[What is being asked]: One range is to be output from the listing below, exactly as written: the line with "Christmas Toy Giveaway 2021" to the line with "Brooks Addiction Walker", both kept.

[Data listing]:
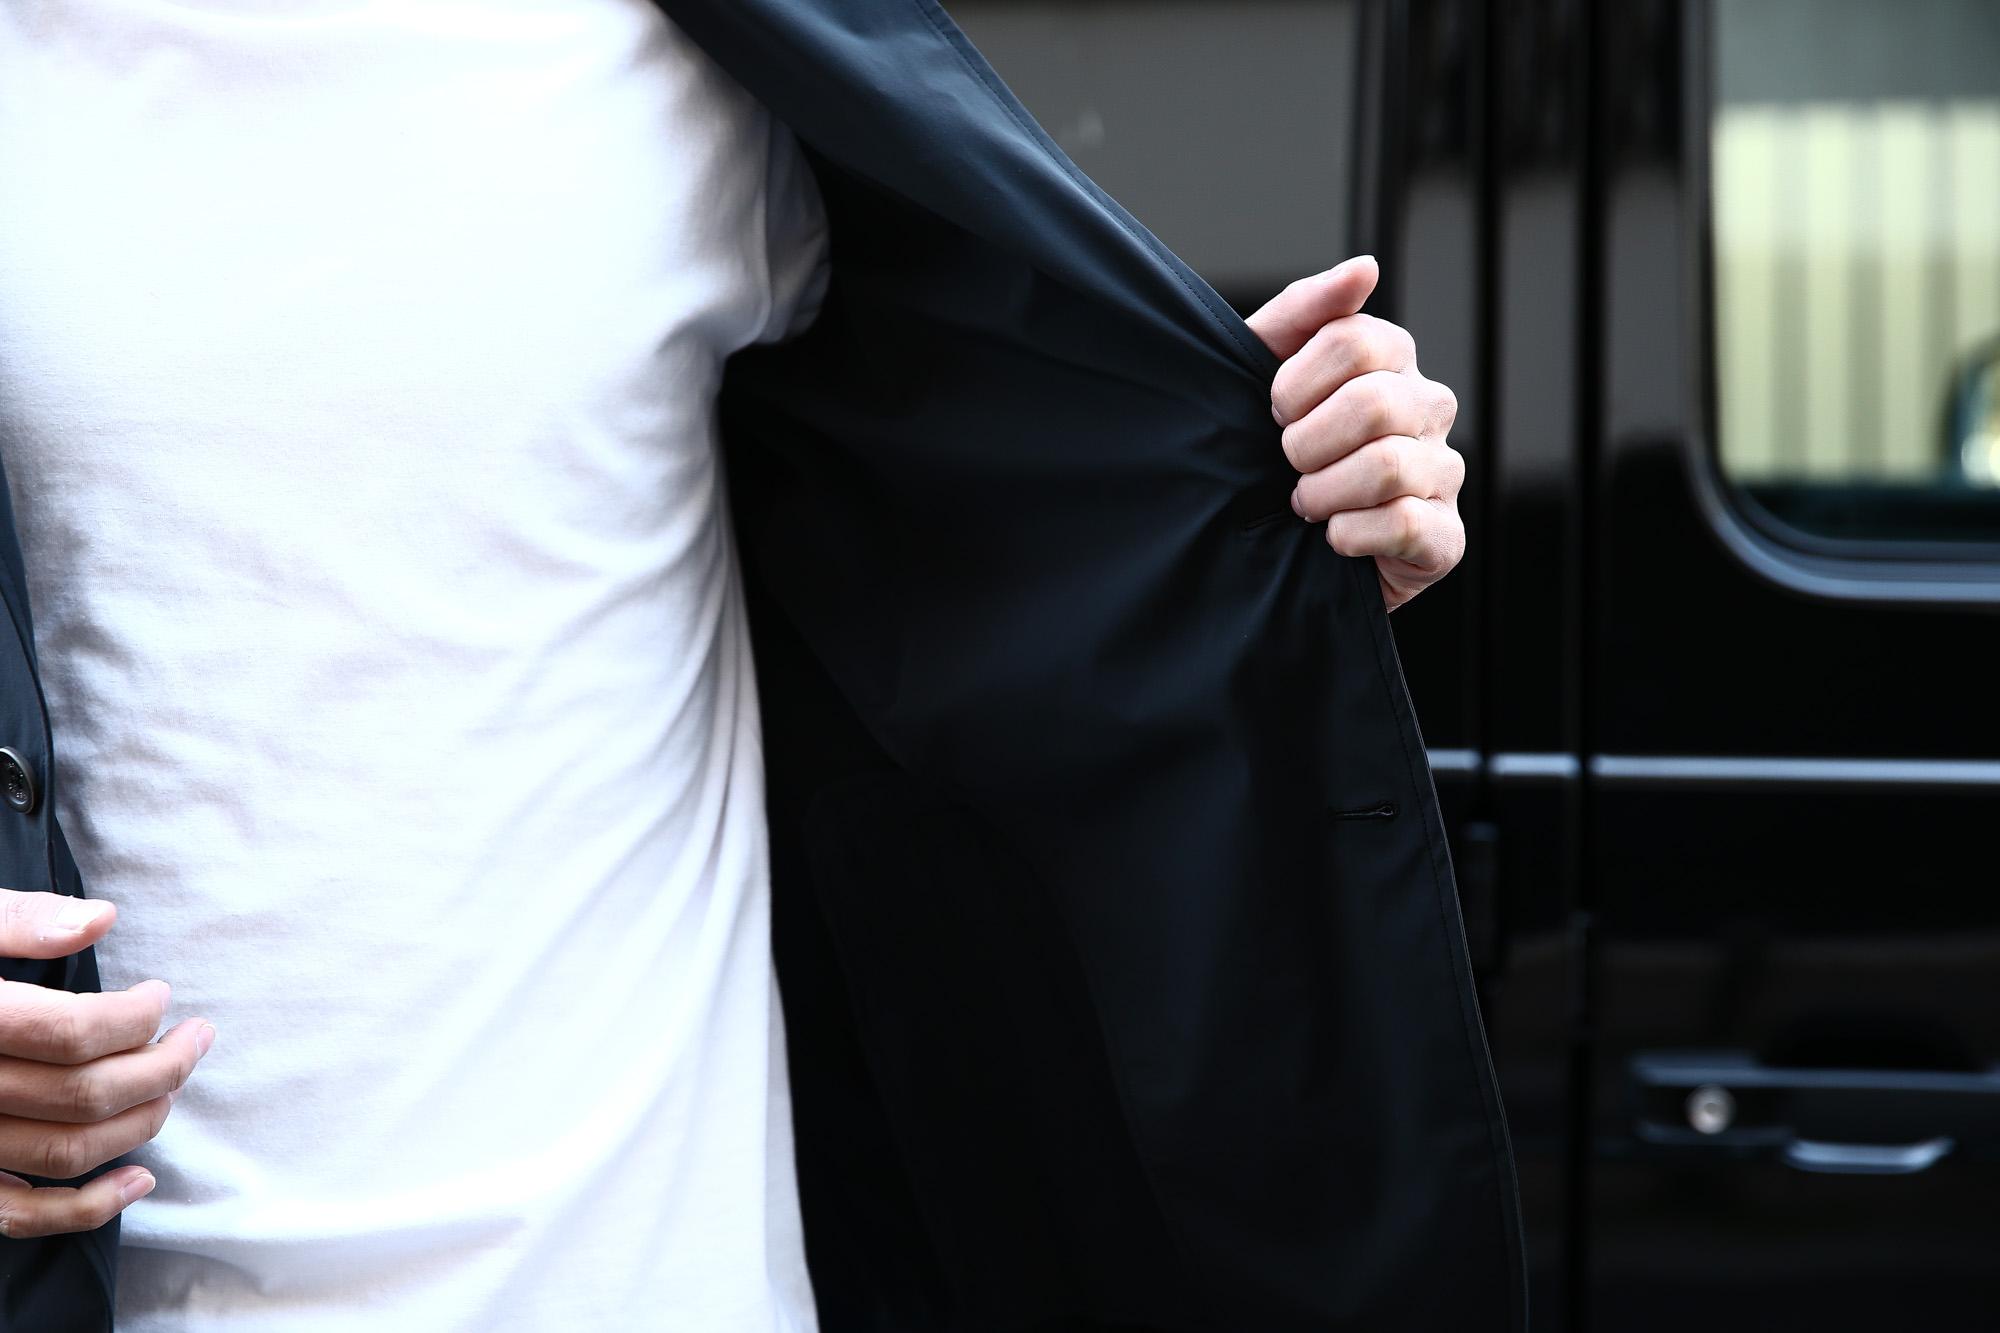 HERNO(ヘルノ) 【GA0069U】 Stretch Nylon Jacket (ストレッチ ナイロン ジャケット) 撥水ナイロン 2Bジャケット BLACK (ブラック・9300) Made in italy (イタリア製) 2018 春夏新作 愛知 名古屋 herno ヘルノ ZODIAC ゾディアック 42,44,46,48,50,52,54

==

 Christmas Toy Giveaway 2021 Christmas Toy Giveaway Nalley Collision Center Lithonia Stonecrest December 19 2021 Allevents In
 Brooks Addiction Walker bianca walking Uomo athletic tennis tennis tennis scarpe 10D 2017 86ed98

==

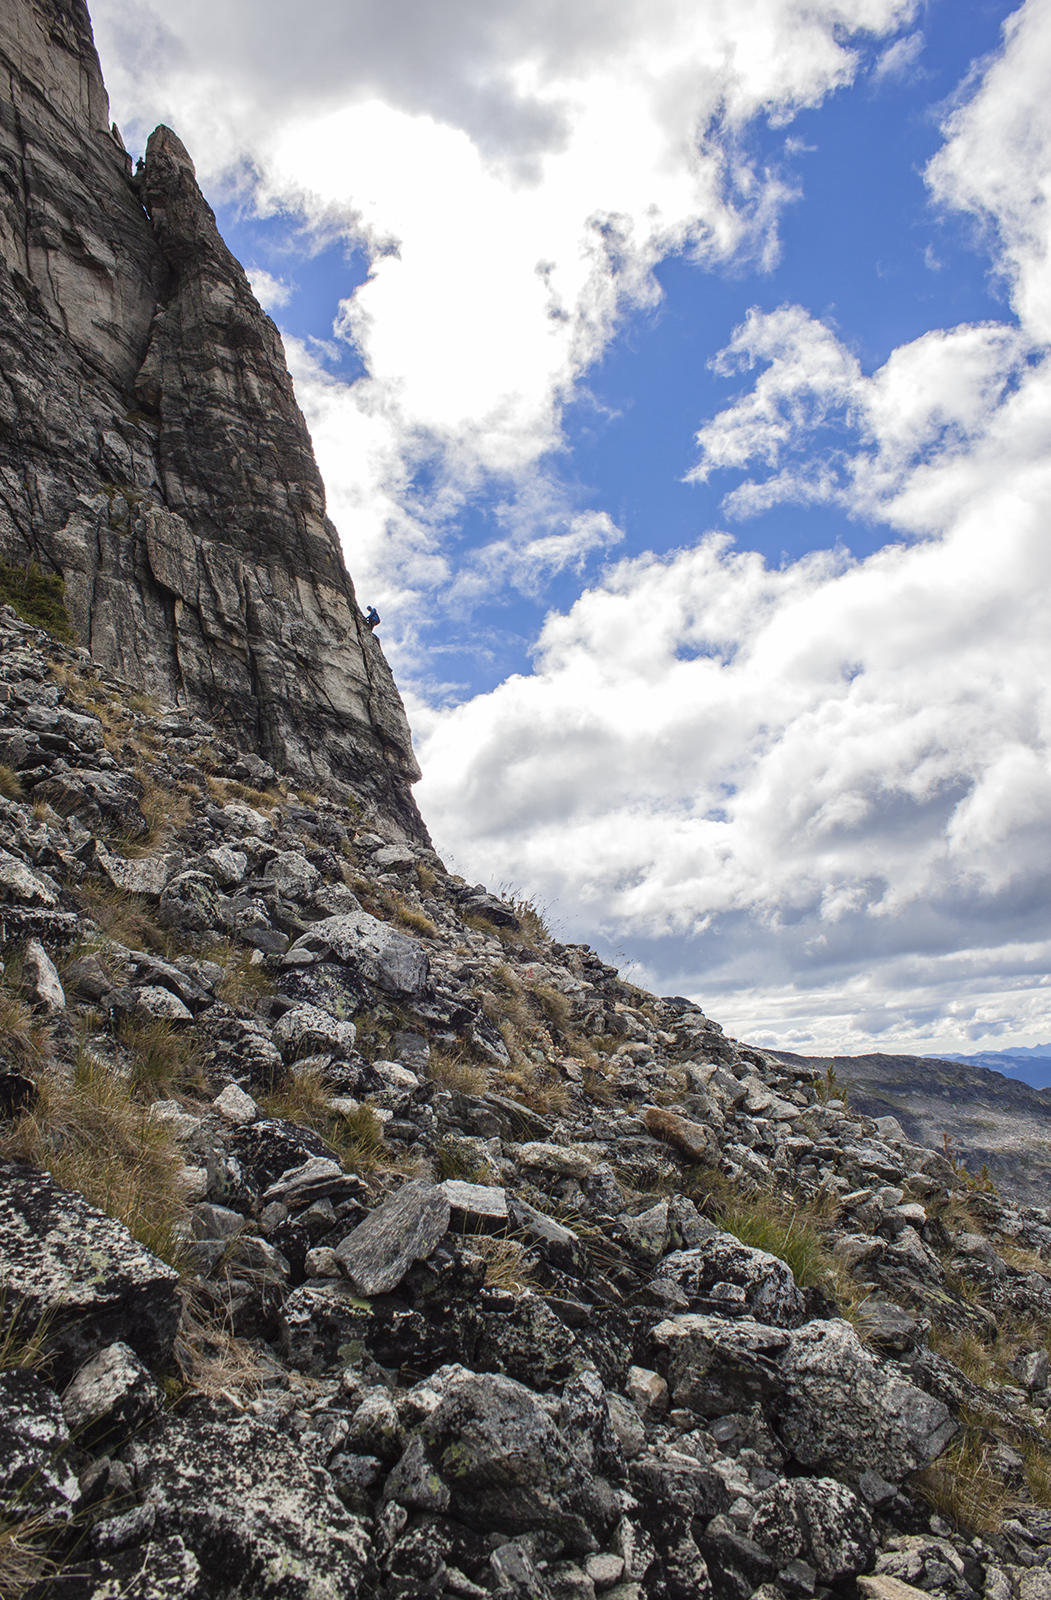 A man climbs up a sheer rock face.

[Exercise response]:
 Christmas Toy Giveaway 2021 Christmas Toy Giveaway Nalley Collision Center Lithonia Stonecrest December 19 2021 Allevents In
 Brooks Addiction Walker bianca walking Uomo athletic tennis tennis tennis scarpe 10D 2017 86ed98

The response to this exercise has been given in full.